I have officially reserved a place at Loma Linda University's master's program for marriage and family therapy.
This has been a spiritual, emotional, exciting, and humbling journey for me. I know a lot of you are probably tired of hearing about it. It seems like every other day I had a new question or concern. My parents and Jon have heard every fathomable possibility when it comes to school, my life, and my future. They have been patient, wise and steady. This has been invaluable to me.
I want to document some of my story for when I question this decision in the future, or for when things get tough at school, or for my future children. So while this process could probably be a book in itself, and some of the spiritual pieces of it may be too sacred to share on this public blog, I wish to tell just some of my story.
When I graduated high school I used to say that I intended on going to four years of college and then being done. I don't think that is a very common attitude, but I had my mind made up that people who went on to graduate school just didn't know what they wanted to do in their life. I just wanted to get out there and make a difference in the world. So I went to college with that exact plan in mind. I ended up selecting family life as my major and fell in love with my classes. I had these strong, intelligent and beautiful female professors. I began to think, "I could do that, I could be like them." I don't think there was an exact moment, but slowly I began to think of going into marriage and family therapy.
As that idea came to life, I turned to my patriarchal blessing (a personal blessing given once in a person's life that talks about promised blessings they will receive if they life righteously). As I read the words new things started to catch my eye. Undeniable things. My blessing talked more about my future profession or service involvement than my family. I don't think that is because I won't have a family, I think God knew I needed some extra encouragement to go down a path I would not have otherwise considered.
I decided to apply.
I told Jon and my parents it would be better to spend some money on the GRE, applications and interviews and then decide if I wanted to go. There was no hurt in applying. I was still not entirely convinced and some days I felt that going on for more school sounded like no fun at all. But most days I felt excited and hopeful. Not for the work, but for the experience, the learning and the people I could potentially help.
I only applied to three schools. I thought my mom put it best in our family letter:
One school I was pretty confident I would get into, one school I thought I might get into, and one school I could only hope to get into but would love to go to.

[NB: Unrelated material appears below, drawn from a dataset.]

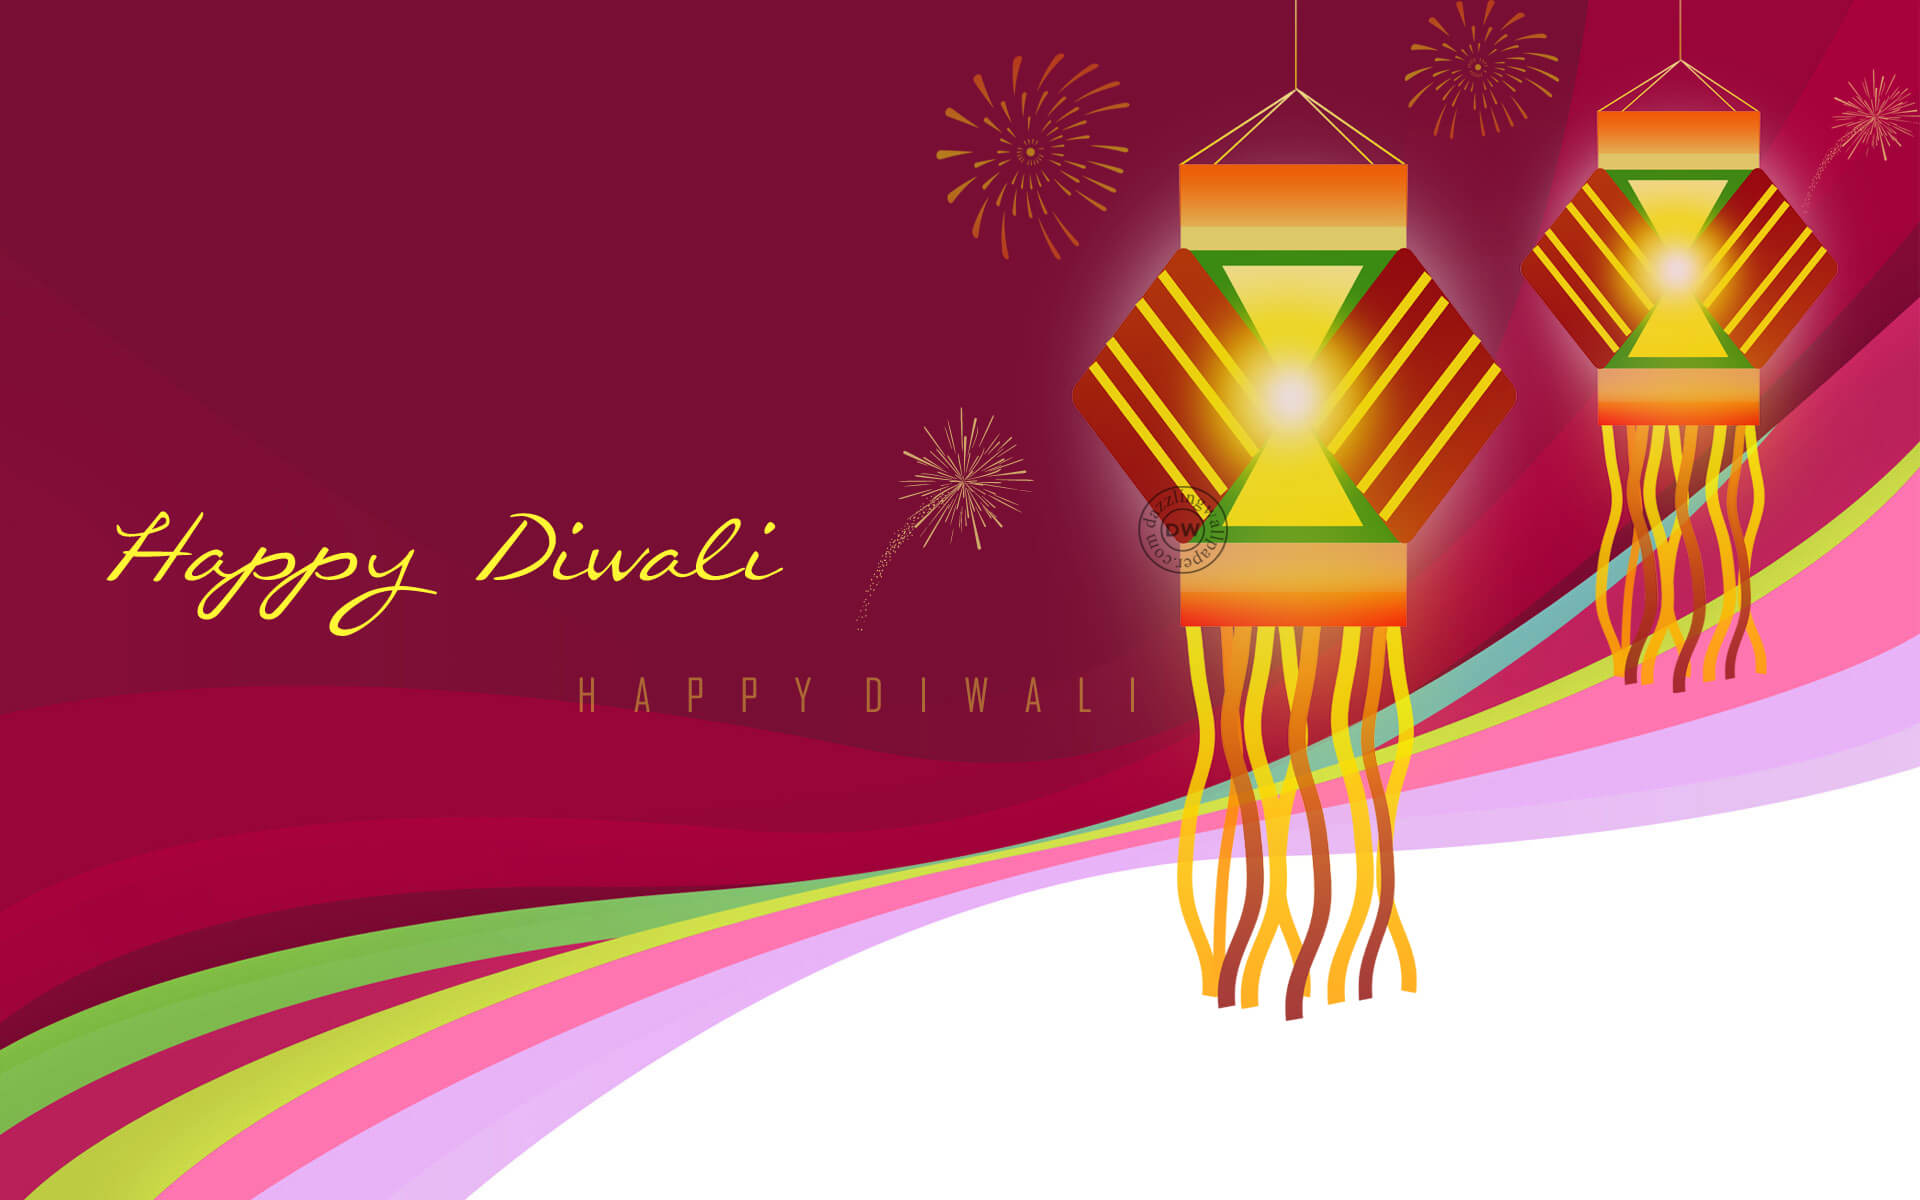 Download-Happy-Diwali-2015-HD-Wallpapers-facebook-mobile-desktop-cgfrog-27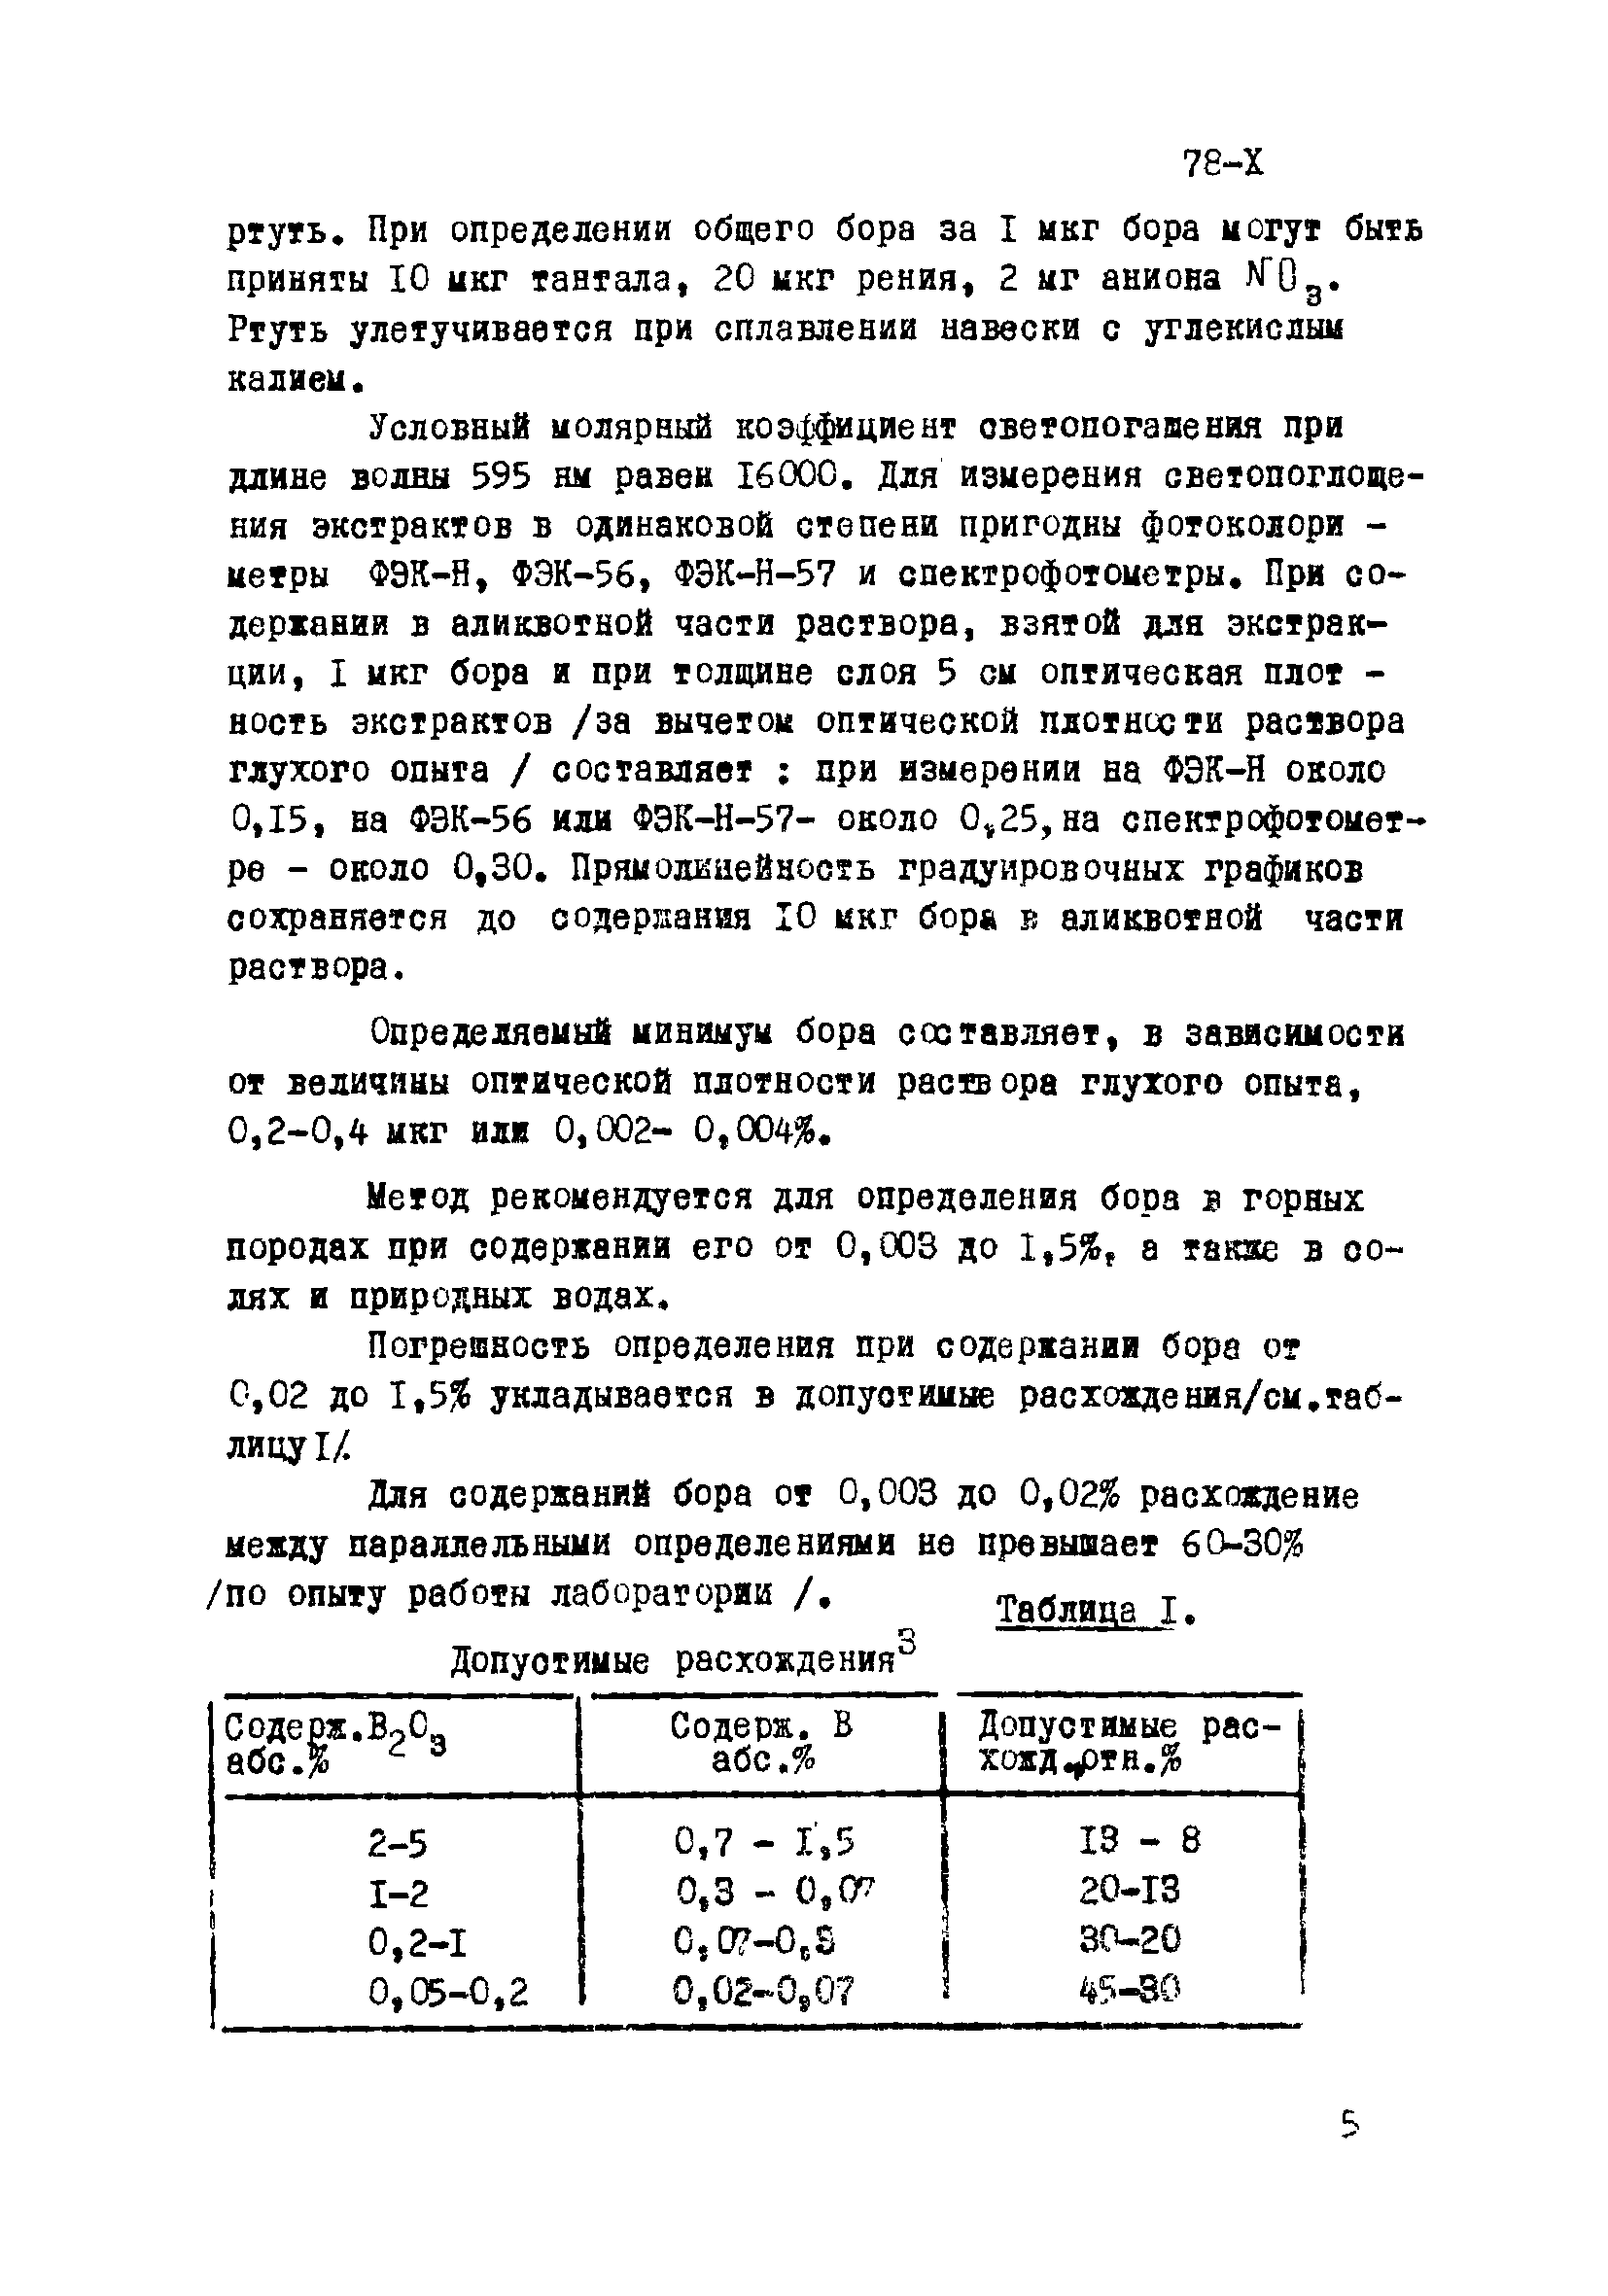 Инструкция НСАМ 78-Х

I didn't even get an interview at the first.
I got waitlisted at the second.
And got accepted at the third.
I want to note as well, applying to LLU was more on a whim. Just to have a school on the list my professors knew of. A "why not?" decision.
I am convinced God lead me to apply there. I am also convinced that God sees much more in me than I see in myself. If I were thinking logically and thoughtfully about my abilities, applying to LLU would not be something I would do.
In the interview process the decision was pretty clear. I loved my other school, I had a strong desire to go there, but I got a very strong feeling to leave that interview room and never look back. And to be honest, that feeling was so strong that I haven't had that desire. It really came to LLU or no school at all.
Jon and I tossed and turned about this decision. Since we have had no debt since we have been married the finances are overwhelming to us. I prayed regularly for promptings to know if this is the right decision.
One night I was praying and I said I didn't feel like I was getting any answers. Immediately conversations I had, things people had said and opportunities that had come up in the last few days entered my mind. Those were my answers.
I felt that I knew that this is what I was supposed to do. But before signing off on the decision I decided I needed to take this question to the temple. I went with the attitude that even if I received no promptings, it was ok, because I pretty much had my answer. I just wanted to be sure it wasn't a "no."
I had a very spiritual experience in the temple. My answer was clear. I felt like God was saying, "Oh ye of little faith," thinking you wouldn't get a prompting. More than any other emotion I was experiencing, I felt humbled.
My personality traits tend to be talkative and opinionated. Not the best traits for a therapist. But still, God knows so much more than I do. And he has reassured me time and time again that this is the right decision for me. I know that if I continue to trust in him he will magnify my abilities.
This has become a long story for what I intended to be short. But I want others to know this story.
Most importantly, I want to remember this story. There are so many other things that occurred, small experiences that changed my course. I wish I could remember them all. But in the end I am grateful for a Heavenly Father who is willing to answer my prayers and reassure me continuously.
I am so excited to attend LLU and feel at peace about my decision.